PYC Therapeutics (ASX:PYC) has presented data supporting the progress made in its PYC002 program at the Phelan-McDermid Syndrome Global Congress to be held in Spain.
The company stated that the data presented demonstrate that PYC-002 restores the missing gene expression that causes Phelan-McDermid Syndrome (PMS) in brain cells derived from patients and rescues the functional deficits in these neurons that underlie the neurodevelopmental delays characteristic of the syndrome.

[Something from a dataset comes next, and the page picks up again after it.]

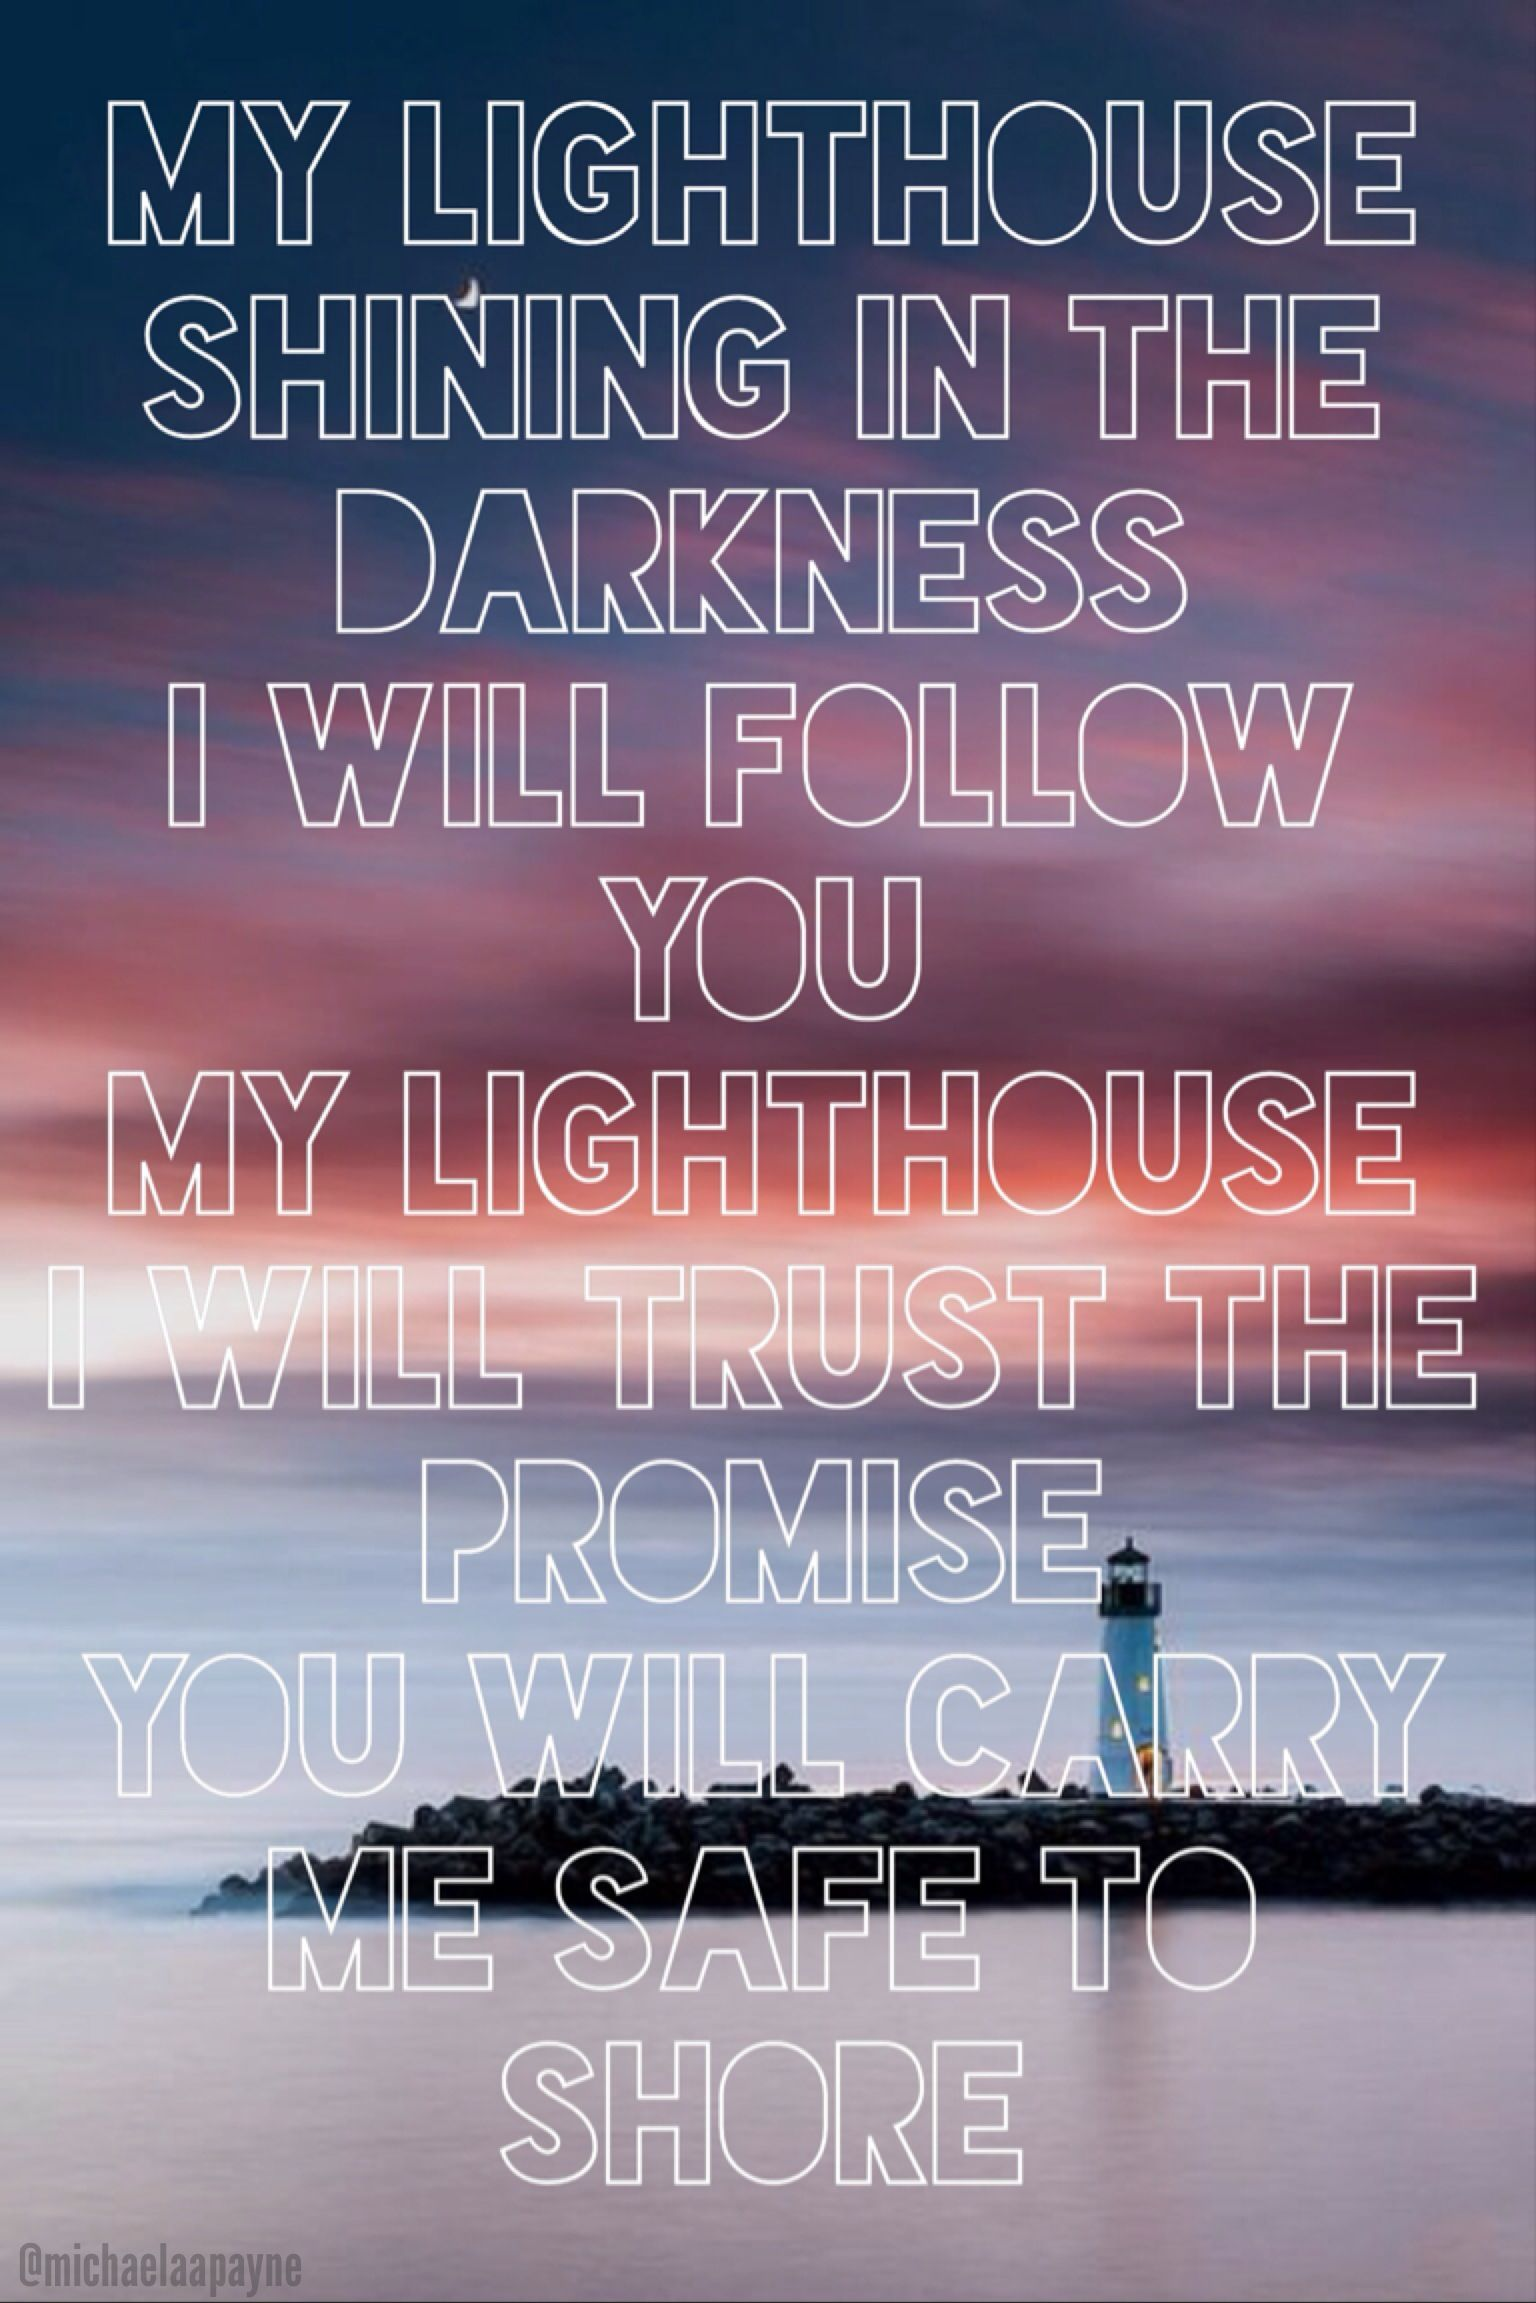 Westlife - Lighthouse Lyrics | MetroLyrics

PMS, also known as 22q13 deletion syndrome, is a rare genetic disorder caused by a deletion or other structural abnormality of chromosome 22, specifically at the q13.3 region. It is characterised by a wide range of symptoms, including developmental delays, intellectual disability, speech and language impairments, and autism spectrum disorder.
PMS affects 1 in every 10,0005 children, and there are currently no treatment options available to patients.

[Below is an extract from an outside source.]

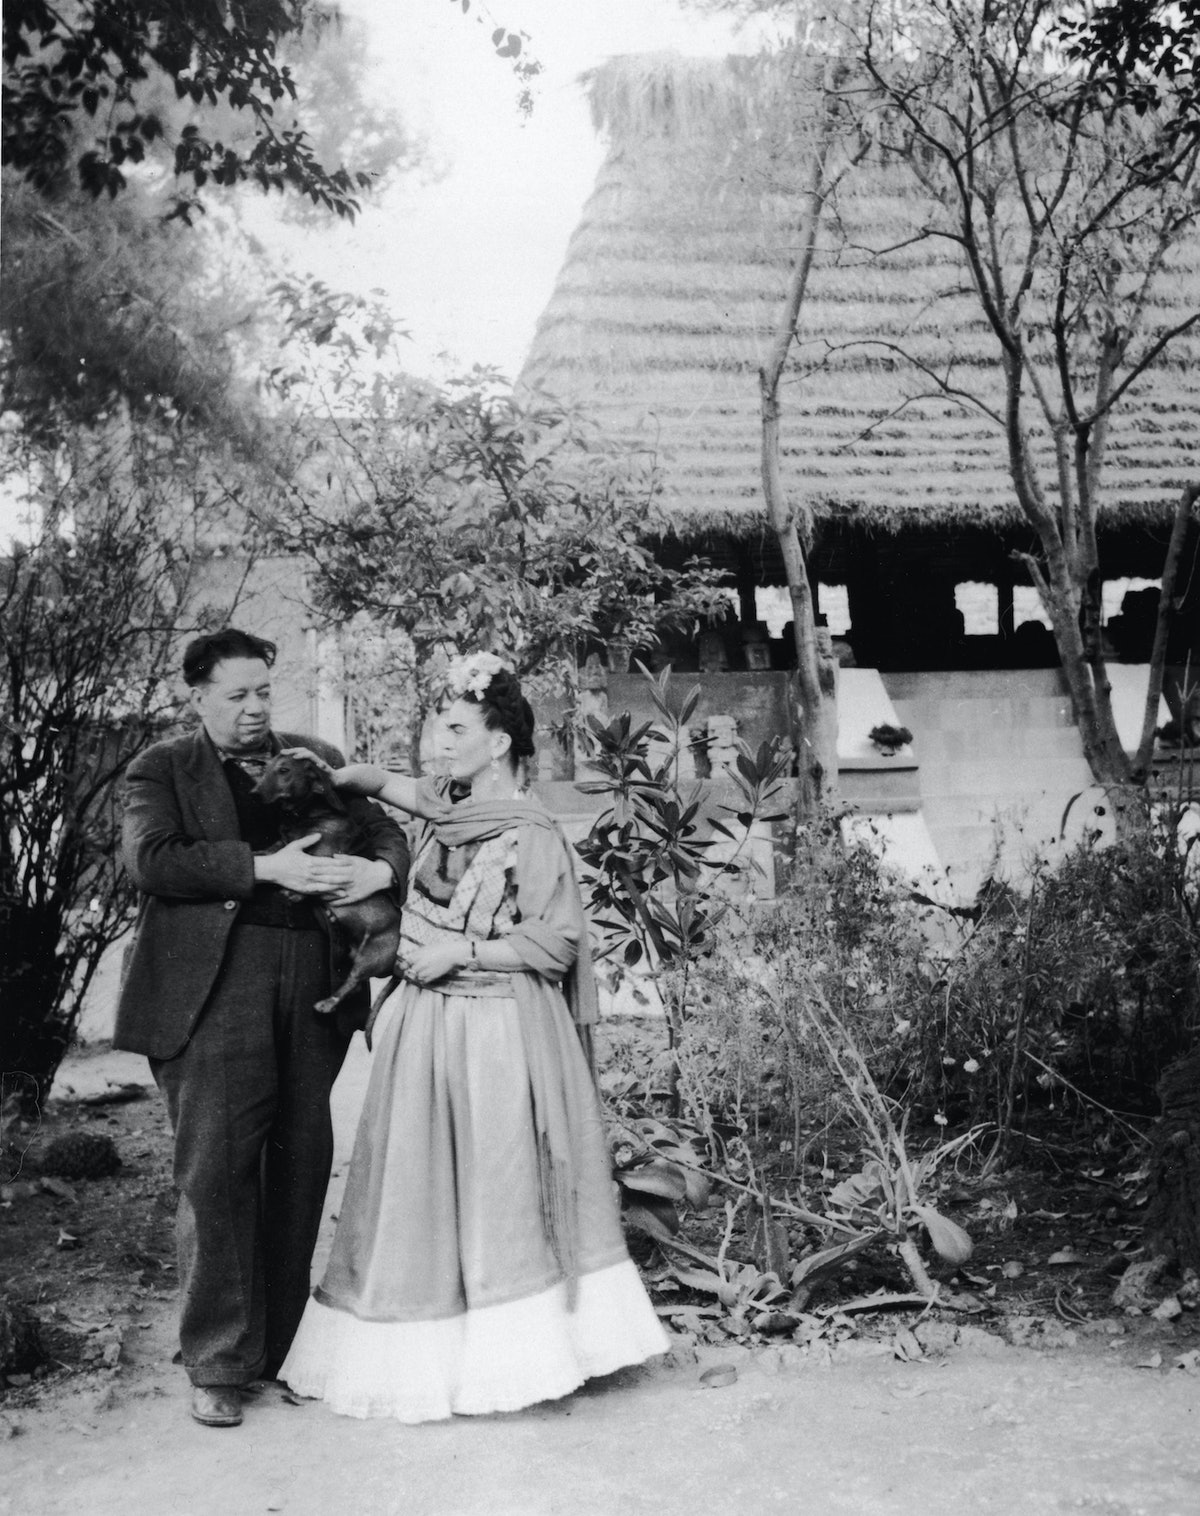 Rivera, Kahlo, & Dog

PYC currently has three clinical-stage drug development programs and a fourth pre-clinical stage program directed towards PMS. PYC002 works by increasing the expression of SHANK3 from the remaining ‘good’ copy of the gene to compensate for the decreased expression caused by the mutation in the 'bad’ copy of the gene.
PYC-002 is currently progressing through the final pharmacokinetic and dose-range finding studies required before initiating formal Investigational New Drug-enabling studies. PYC said the program is currently expected to enter human trials next year.